The listing that follows must be retyped exactly, without its pictures.

> SUPPLIED INFORMATION
* * * *

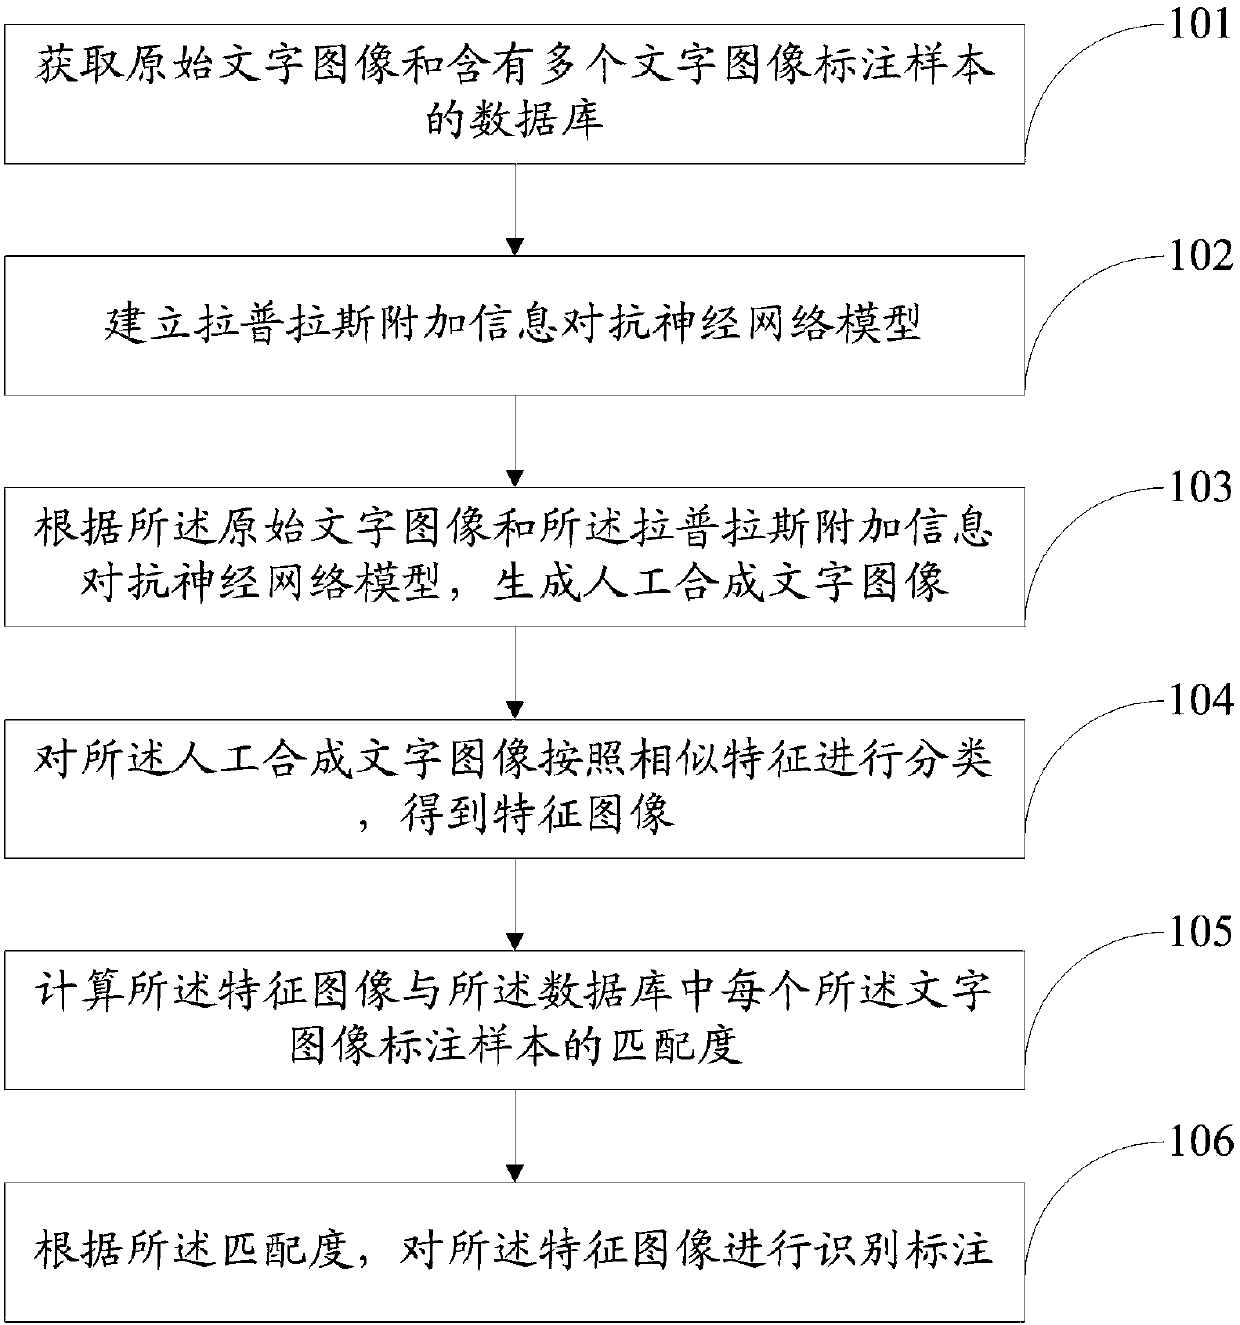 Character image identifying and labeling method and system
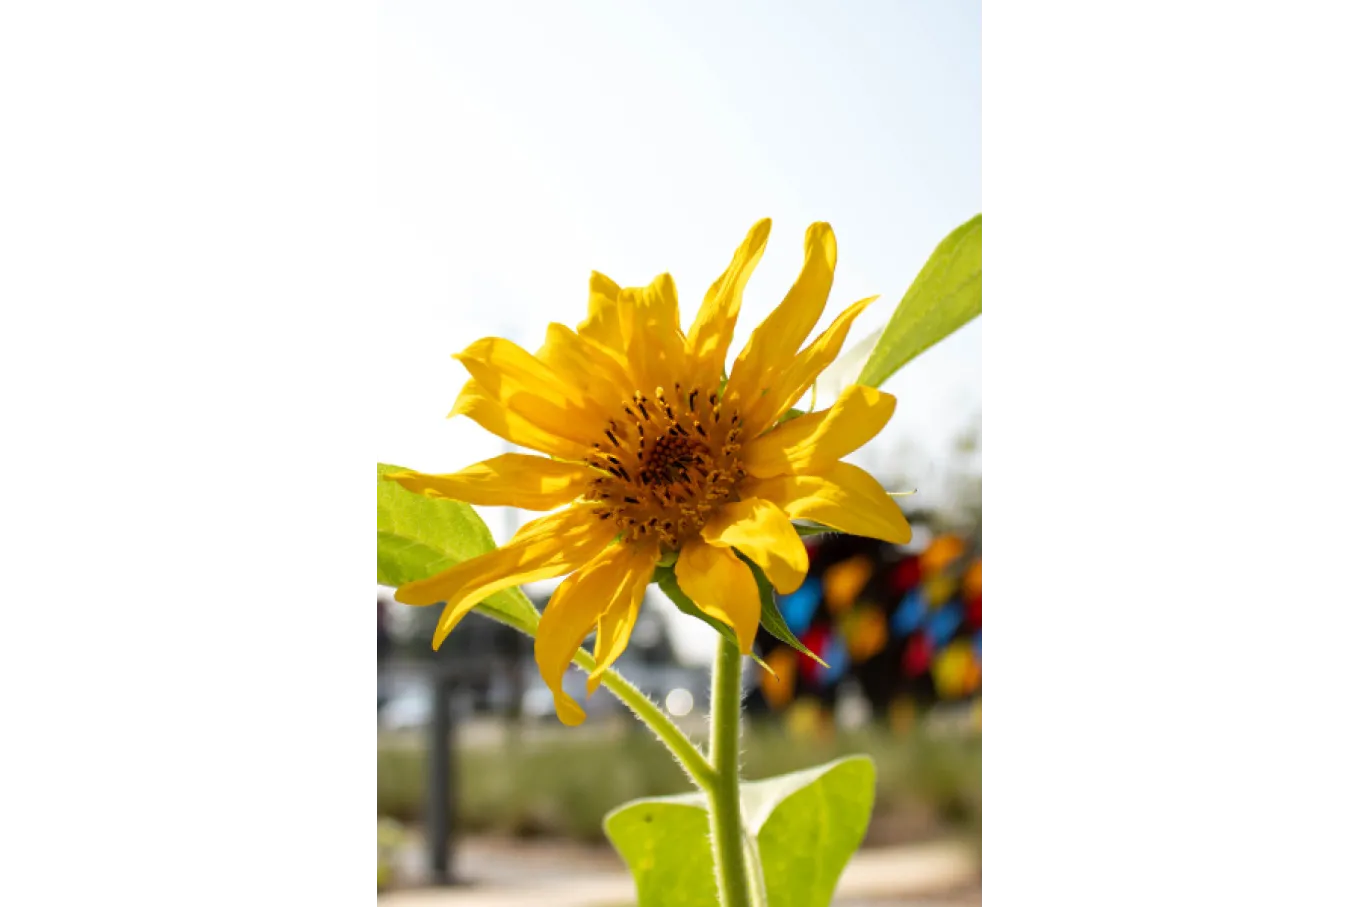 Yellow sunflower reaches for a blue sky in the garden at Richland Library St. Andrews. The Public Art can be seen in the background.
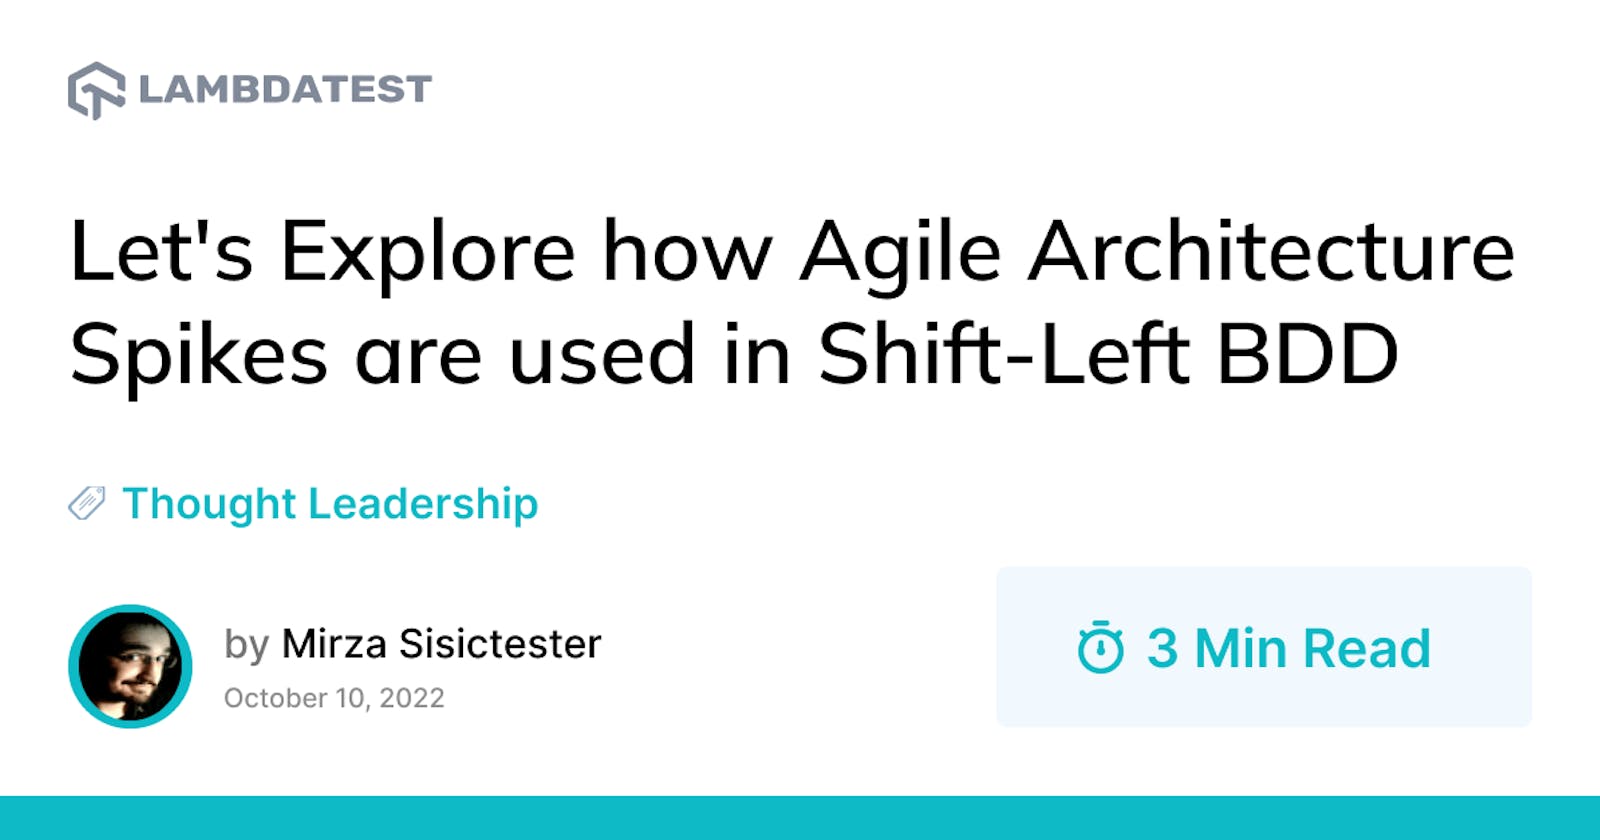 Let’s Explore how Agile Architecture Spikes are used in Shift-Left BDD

* * * *

> RESPONSE AREA
 Character image identifying and labeling method and system
 Yellow sunflower reaches for a blue sky in the garden at Richland Library St. Andrews. The Public Art can be seen in the background.
 Let’s Explore how Agile Architecture Spikes are used in Shift-Left BDD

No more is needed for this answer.